Gene Therapy in Drug Discovery: The S100A1 Story

Petia Shipkova, Ph.D. and Paul Levesque, Ph.D., (Bristol Myers-Squibb)
The S100A1 protein is a multifunctional target regulating normal cardiac function and, therefore, was a promising target of interest for the treatment of heart failure. Published data has shown S100A1 to be depleted in failing cardiomyocytes from human heart failure biopsies and in heart failure rodent animal models. A gene therapy approach leading to increased expression levels of the protein directly in the heart could potentially lead to restoration of contractile function and improve overall cell survival. This talk highlights the issues and considerations as well as learnings of the progression of S100A1 gene therapy approach in Drug Discovery.

Petia Shipkova, Ph.D. is currently a Scientific Senior Director at Bristol-Myers Squibb (BMS), NJ. She leads an LCMS-focused analytical and bioanalytical groups providing support for all Drug Discovery programs at BMS. The research efforts include high order structure characterization and epitope mapping as well as in vivo quantitation of all modality drug candidates, target proteins and biomarkers, including metabolomics profiling assays.

Paul Levesque, Ph.D. is a Scientific Executive Director at Bristol-Myers Squibb.

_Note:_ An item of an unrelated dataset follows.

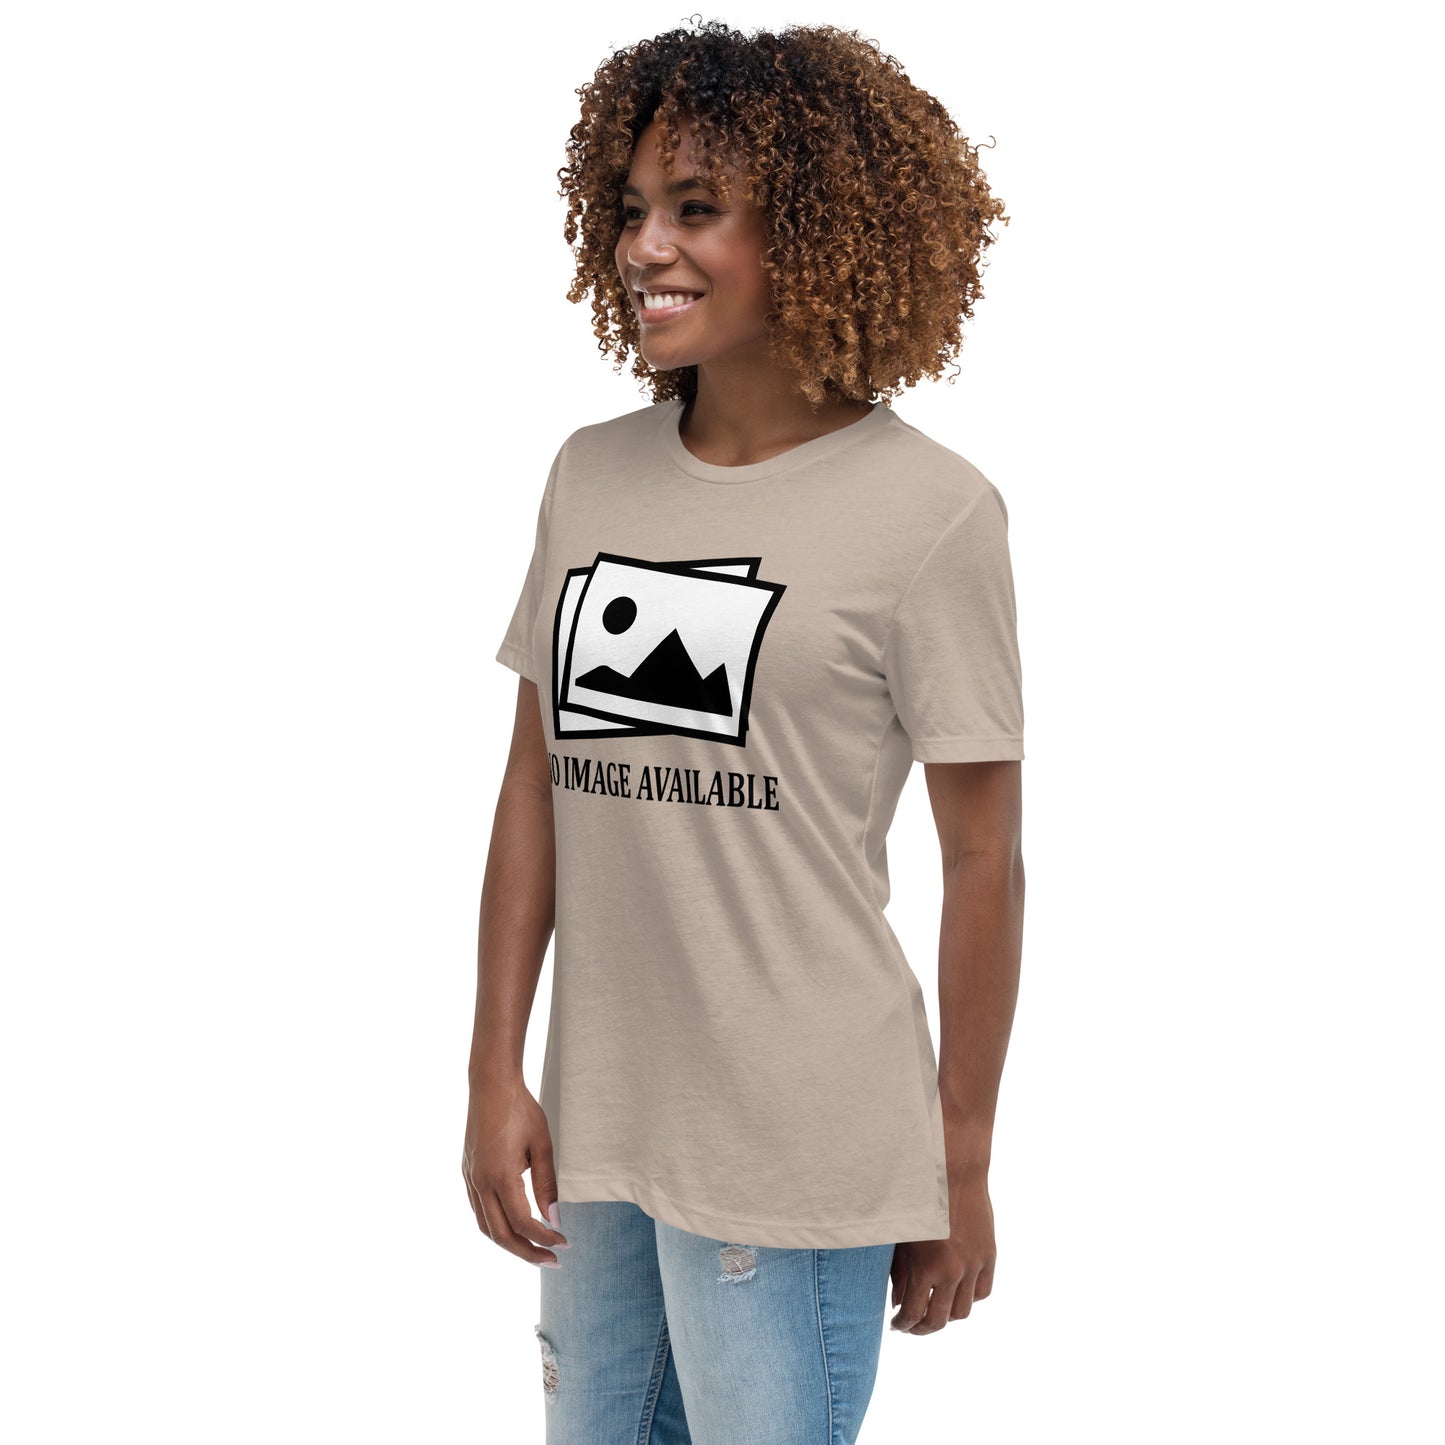 Women with stone t-shirt with image and text "no image available"

He leads a Cardiovascular Safety Pharmacology group that provides cardiovascular risk assessment and mitigation for all discovery and development programs at BMS. He also provides toxicology support for cardiovascular programs throughout all phases of drug discovery. Research interests in his group include utilizing new methodologies such as human induced-pluripotent stem cell derived cardiomyocyte preparations and a variety of functional assay platforms to select and progress cardiac drug discovery targets and to improve nonclinical to clinical translation of cardiovascular risk assessment.

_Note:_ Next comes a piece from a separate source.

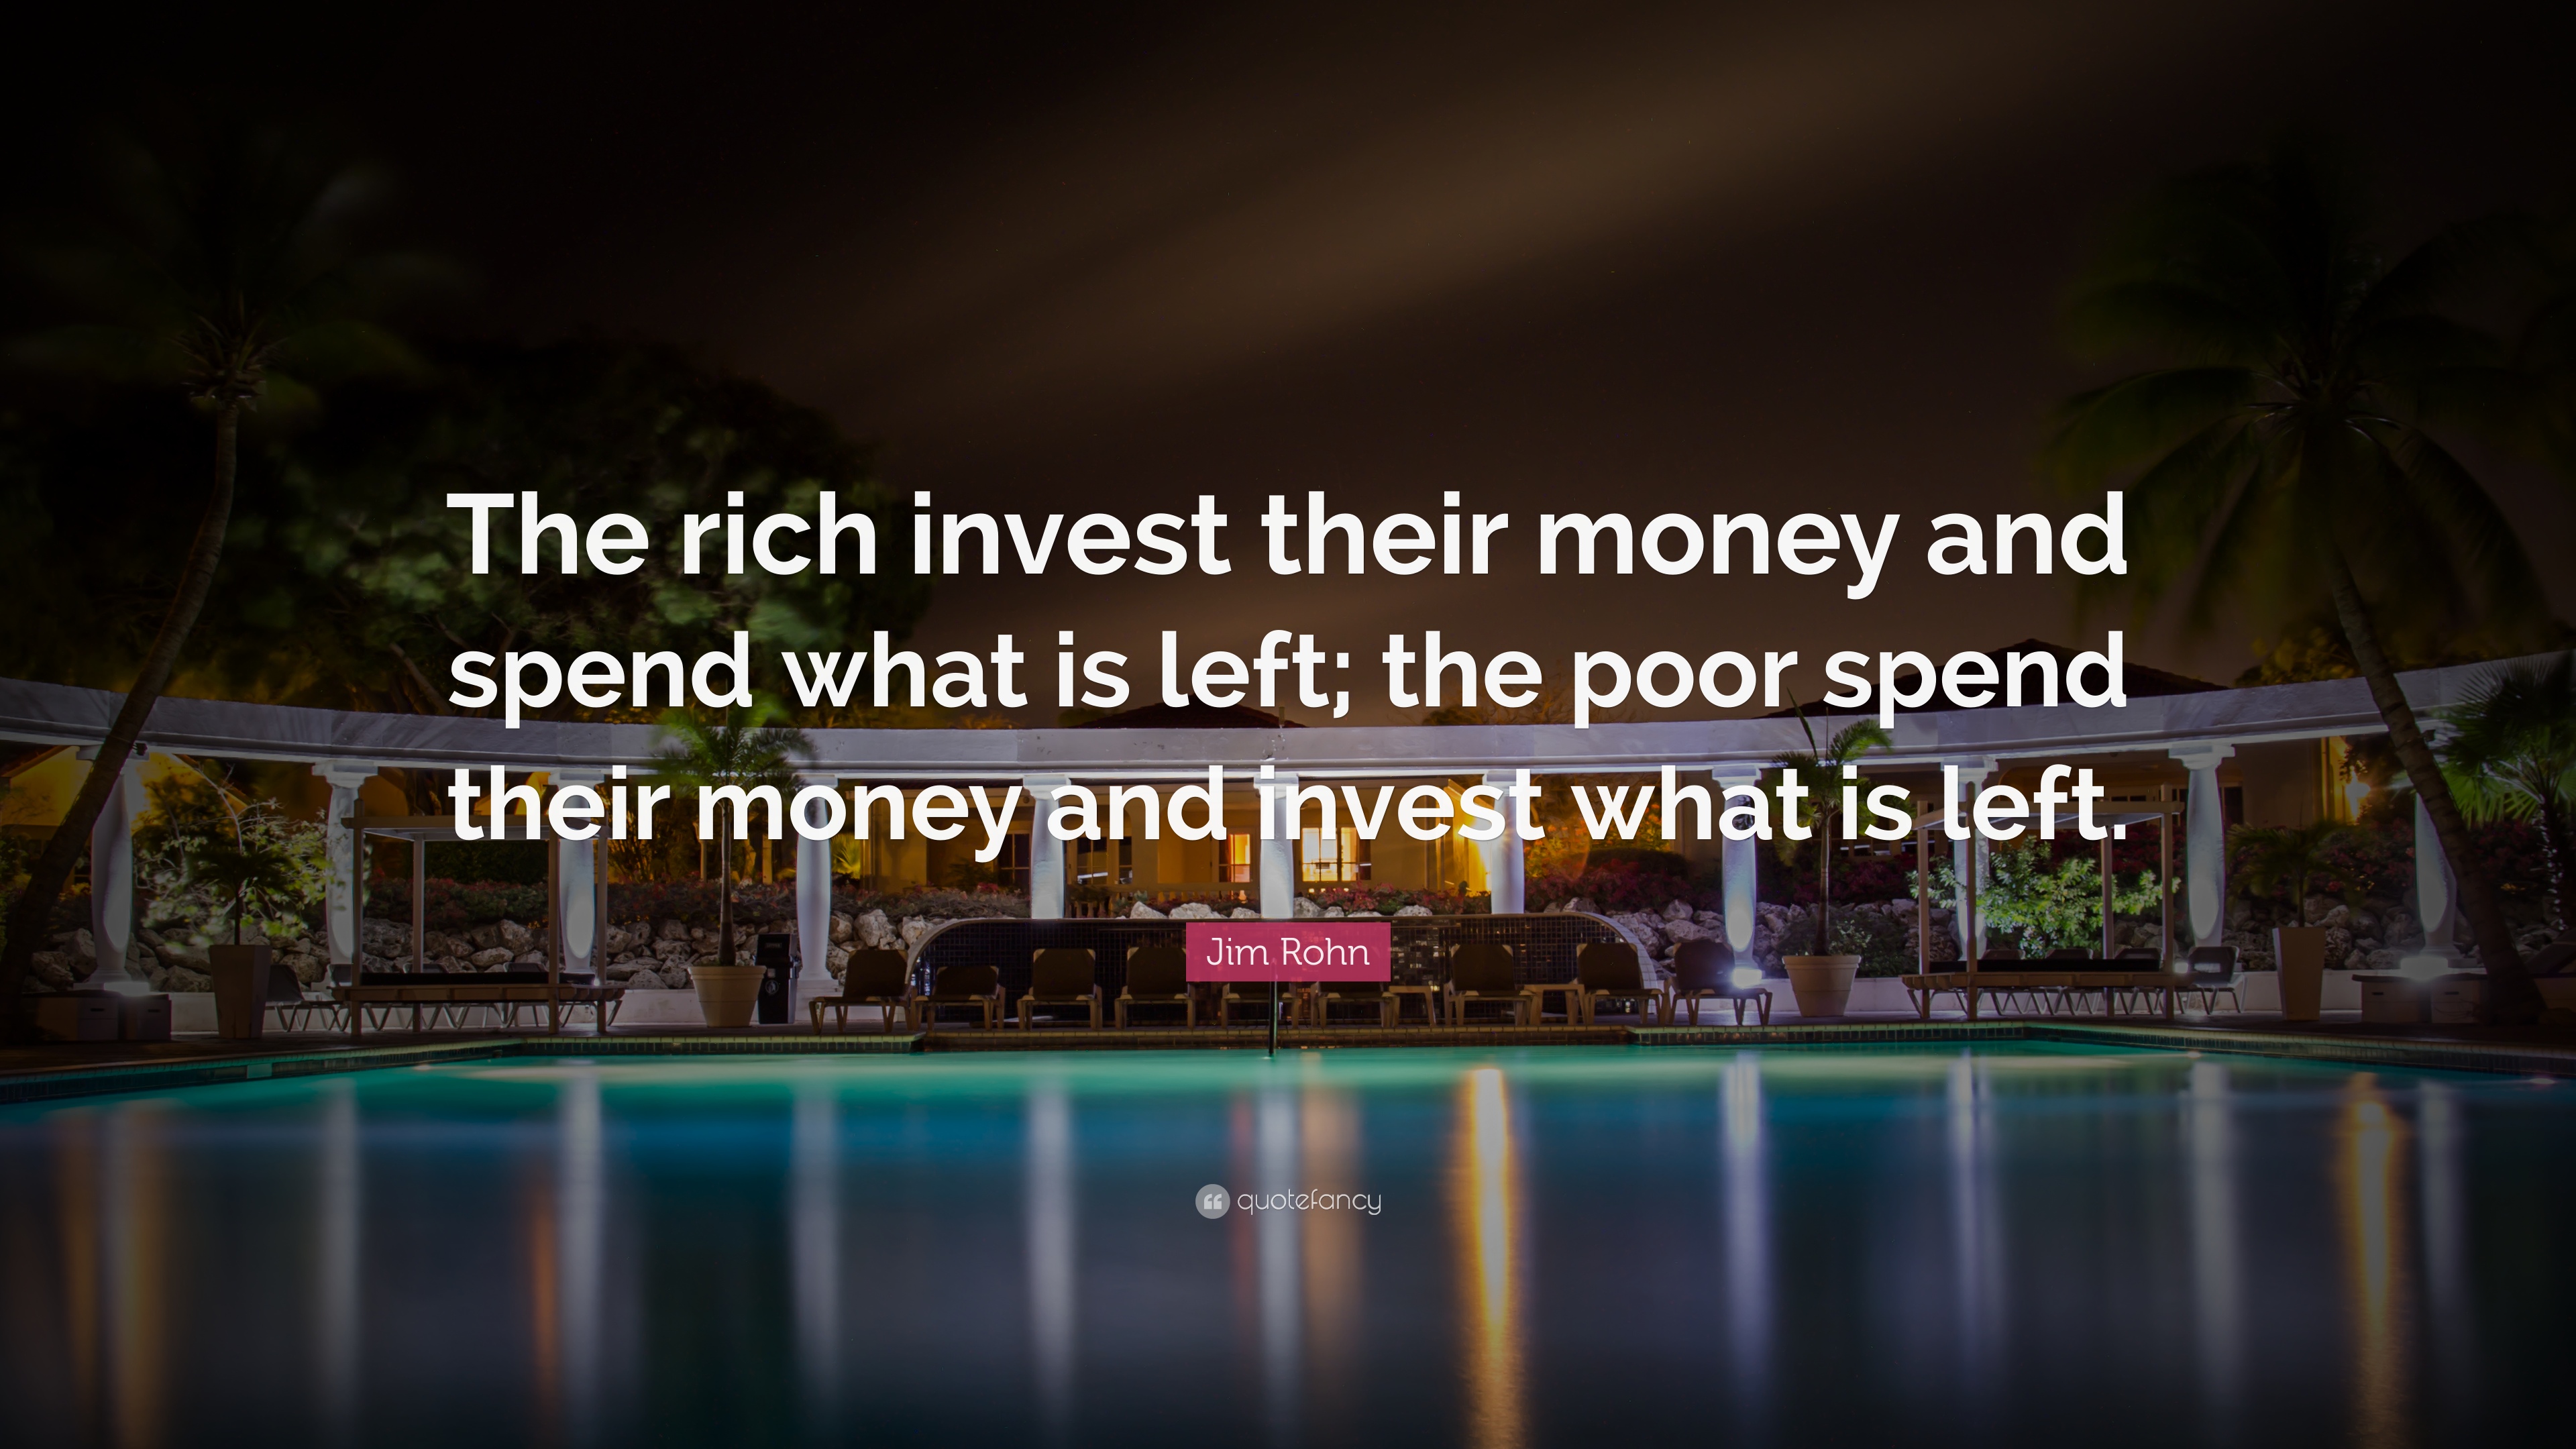 97190-Jim-Rohn-Quote-The-rich-invest-their-money-and-spend-what-is-left

Back to the Beginning: Seeking a Cure… – DMPK and Bioanalysis for CRISPR/Cas9 Genome Editing

Yuanxin Xu, M.D., Ph.D., Intellia Therapeutics
Intellia Therapeutics uses CRISPR/Cas9 genome editing technology to develop ex vivo and in vivo therapies. This modular-based approach allows focused and streamlined drug development from bench to bedside. It is critical to understand ADME, activity, and safety properties of these investigational compounds, and most importantly, animal to human translation. Bioanalytical methods have been established to support drug development through different stages including PK/TK, PD, immunogenicity, and additional biomarkers for efficacy or safety. In this presentation, case studies will be provided to demonstrate method performance properties and their intended use for evaluation of systemically administered in vivo therapies.

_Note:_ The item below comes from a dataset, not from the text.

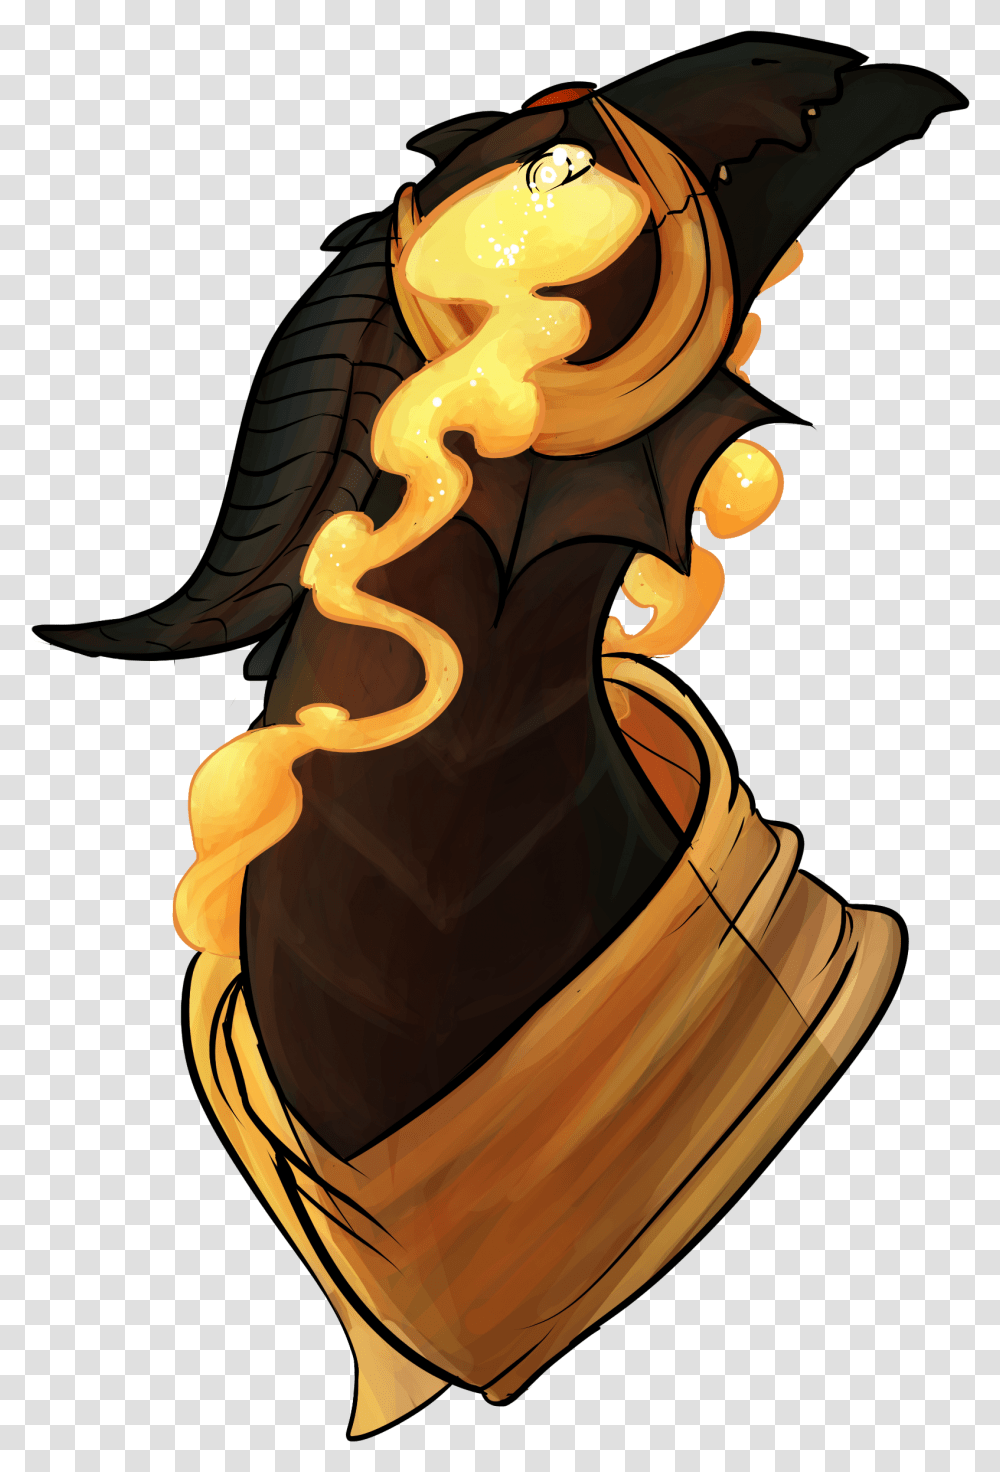 Bright Eyes Burning Like Fire - Weasyl Cartoon, Fire Hydrant, Flame, Sweets, Food Transparent Png

Yuanxin Xu, M.D., Ph.D. has worked at Intellia Therapeutics since January 2020 as VP, Early Development & Translational Medicine. She manages bioanalysis, DMPK, and pharmacology-toxicology functions as part of Intellia ONE to advance ex vivo and in vivo CRISPR/Cas9 genome editing therapies. Previously, she had worked as Senior Director for ~ 5 years at Alnylam Pharmaceuticals and supported RNAi therapeutic development and market approvals. She was with Genzyme/Sanofi for ~ 13 years (Pr. Scientist to Senior Scientific Director) working on clinical bioanalysis. Yuanxin studied cell and organ transplantation at BioTransplant for ~ 9 years. She received her Bachelor of Medicine (MD equivalent) from Beijing Medical University (now Peking University) and Ph.D. in Biochemistry from Iowa State University.